Jacob Zuma's presidency has come to an end, but the longevity of that era owed much to staunch support from within the ANC and its associated leagues.
Many of Zuma's allies still remain in key positions within the party and Cabinet, while others from his early days as head of state have now become his harshest critics.
Zuma announced his resignation last week after increasing pressure from his party for him to step down from office, making way for his successor, Cyril Ramaphosa.
But despite his exit, his faction still remains in the ANC. The list of those who kept Zuma's political aspirations alive – not even considering those who assisted in his fight against criminal charges, prosecution and dodging tax – is important.
The ANC in Parliament
Zuma survived five motions of no confidence in Parliament since 2016, thanks to the aid of his comrades in his party. These all came at times when successive scandals and court decisions were plaguing Zuma's reputation as president.

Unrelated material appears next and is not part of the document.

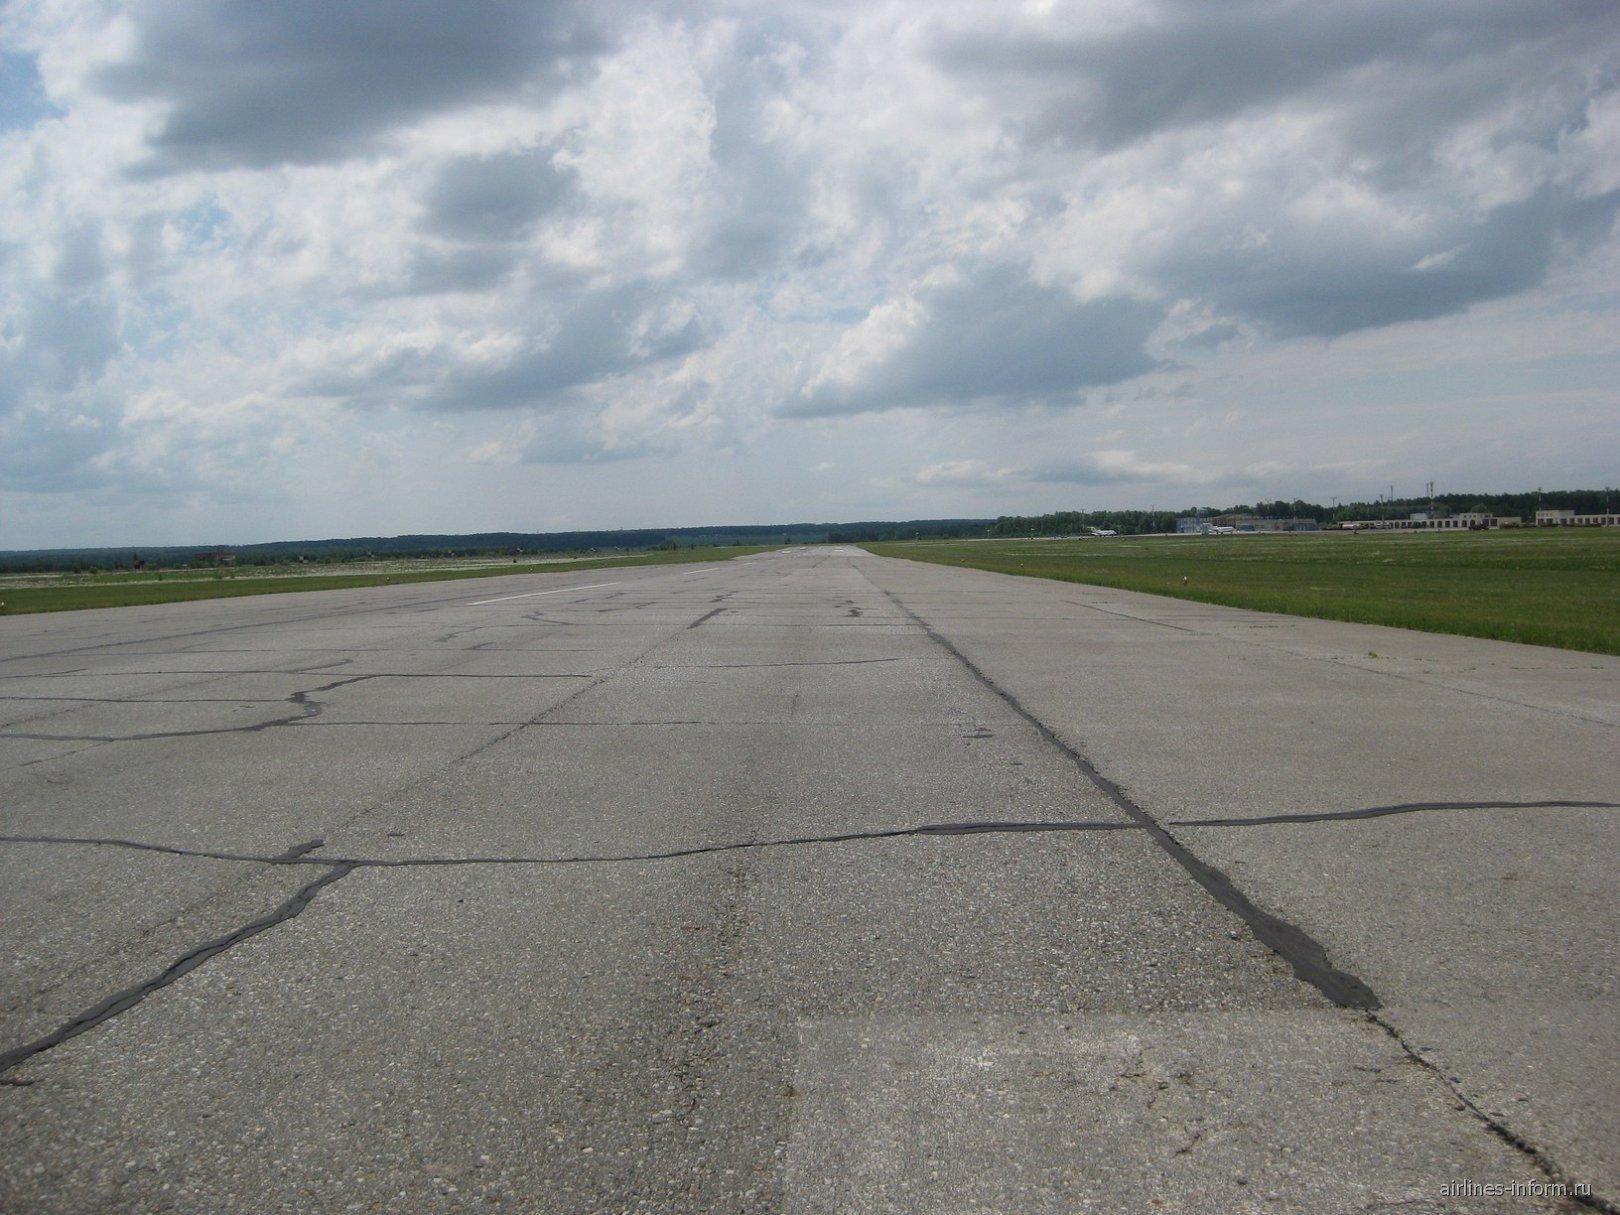 ВПП 19 аэропорта Бугульма

In March 2016, for example, opposition parties were outvoted in Parliament when the DA brought a motion of no confidence following Zuma's stunts with the finance ministry, replacing Nhlanhla Nene with the little-known Des van Rooyen and changing his mind four days later.
It was also around this time that former deputy finance minister Mcebisi Jonas revealed that the Gupta family, in the company of Duduzane Zuma, had offered him the top finance job and a R600-million bonus to further their interests in the department.
A month later, the DA tabled a motion to impeach Zuma after the Constitutional Court found he failed to honour his oath of office regarding the Nkandla affair.
Former tourism minister Derek Hanekom also took up the battle against Zuma in the party's national executive committee in 2016. He failed.
The patronage buffer
Over his tenure, Zuma effectively moved the centre of power to Luthuli House, which garrisoned his influence at the Union Buildings.
With a hand on each power structure, Zuma used his appointment clout to foster personal loyalties in strategic areas. He ballooned the size of the civil service and the executive, awarding his allies premierships and top Cabinet posts.
An example of this was seen throughout key provinces, where North West premier Supra Mahumapelo, Mpumalanga premier David Mabuza, Free State premier Ace Magashula and KwaZulu-Natal ANC chairman Sihle Zikalala emboldened support for Zuma in various regions.
The ANC's leagues played a big part in Zuma's political durability, acting almost as foot soldiers to rally support and protest against his detractors.
When former public protector Thuli Madonsela released her State Of Capture report, the ANC Youth League jumped to Zuma's defence, calling for it to be challenged.
Ironically, when he led the ANCYL, it was Julius Malema who defended Zuma during public appearances – most notably saying he would "die for Zuma" and endorsing Zuma's version of his relationship with Fezekile "Kwezi" Kuzwayo during his trial for rape. Malema was reported saying that Kuzwayo had a "nice time" with Zuma when he spoke to university students in 2009.
The ANC Women's League and the uMkhonto we Sizwe Military Veterans' Association (MKMVA) have also defended Zuma vigorously against his critics. When reports emerged last year that the Guptas had purchased a luxury Dubai mansion for the president, the ANCWL was among the first to attack the report. In a press conference last year, the MKMVA even defended the Guptas, saying they were conducting their business like all other South Africans.
The three groups also gathered around Zuma's preferred successor, Nkosazana Dlamini-Zuma, during her presidential campaign and rallied support for her around the country.